For better or worse, the BLM has been a silent partner in the development of Apex. The federal agency gets 50 percent of any profit the county makes from land sales at Apex, Bell said.

The county basically acted as middle man for Kerr-McGee and Silver State Disposal, Bell said, losing money to the BLM that could have gone into site development.

By selling the remaining 7,700 acres to a master developer, the county hopes to get around the 50 percent BLM cut. Once the agreement is approved, and the land is sold, the master developer team can sell land and keep the profit or use it to make improvements on the property.

"We hope they'd be willing to take the risk government is not willing to take, ultimately bringing water to the site, developing a distribution and storage system," Bell said.

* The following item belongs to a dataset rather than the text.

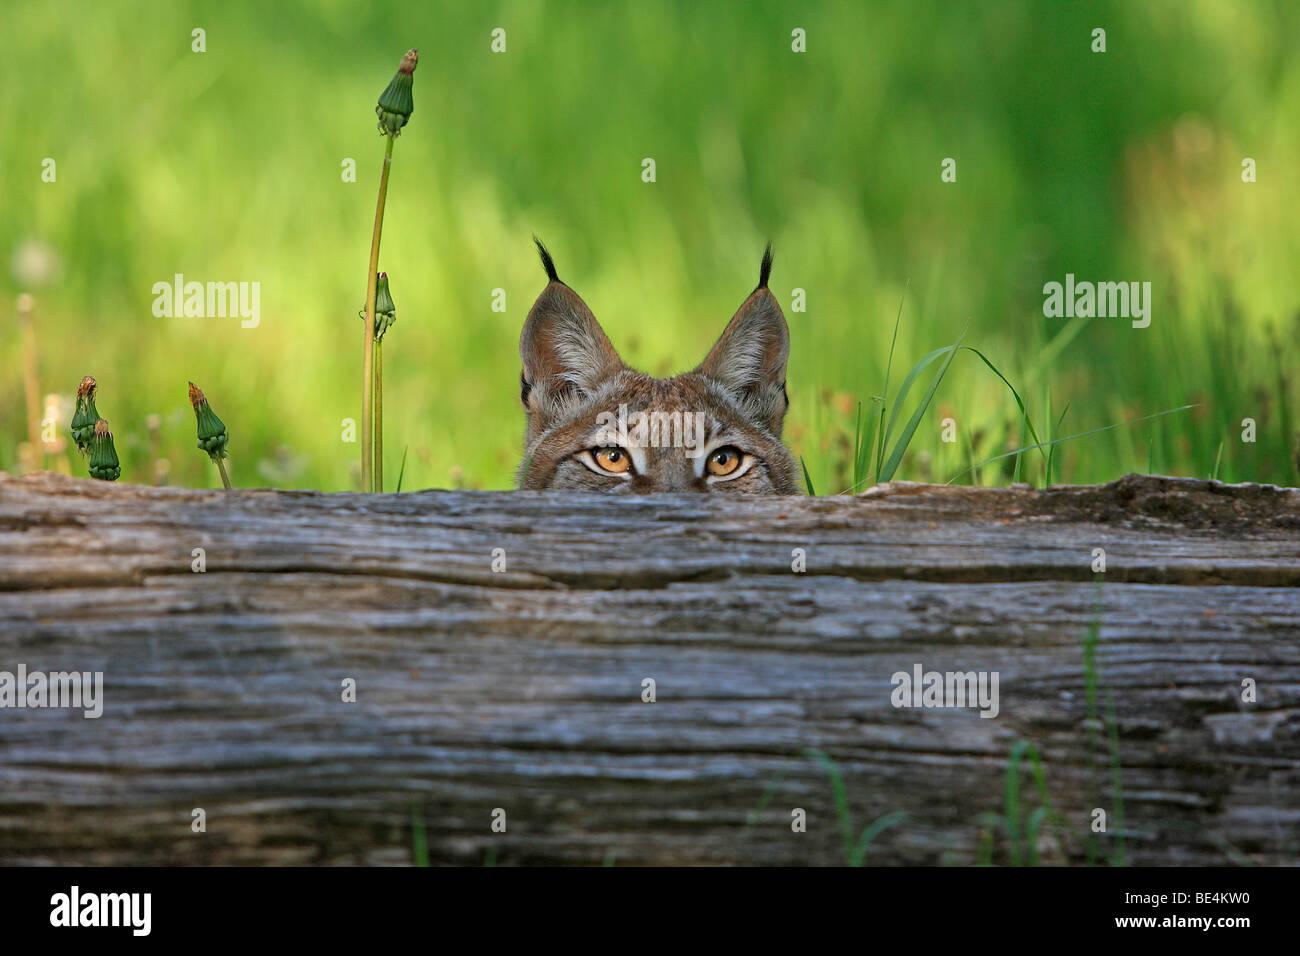 European Lynx (Felis lynx, Lynx lynx) peering over a fallen tree. - Stock Image

To make the plan work, two strategies are needed, Bell said: to provide a place for heavy industry to move, and find whatever pressure points are available to push them out.

"Not too much has been done on either end," Bell said.

While the county can't make the existing companies move from BMI, it has passed air quality standards that prohibit any new power plants or heavy industrial activity from locating in the Las Vegas Valley.

Woodbury hopes that once the issues with the BLM are settled, Apex will be a viable site for heavy industrial activity.

"We're going to need a place for growing industry to be near us," Woodbury said. "Ultimately, if and when any BMI industries find it financially feasible to relocate, that would be a possible site for them."

As for the future of the BMI complex?

"At some point, they're going to outlive their usefulness at that location," Woodbury said, "but for now there doesn't seem to be any plans to move."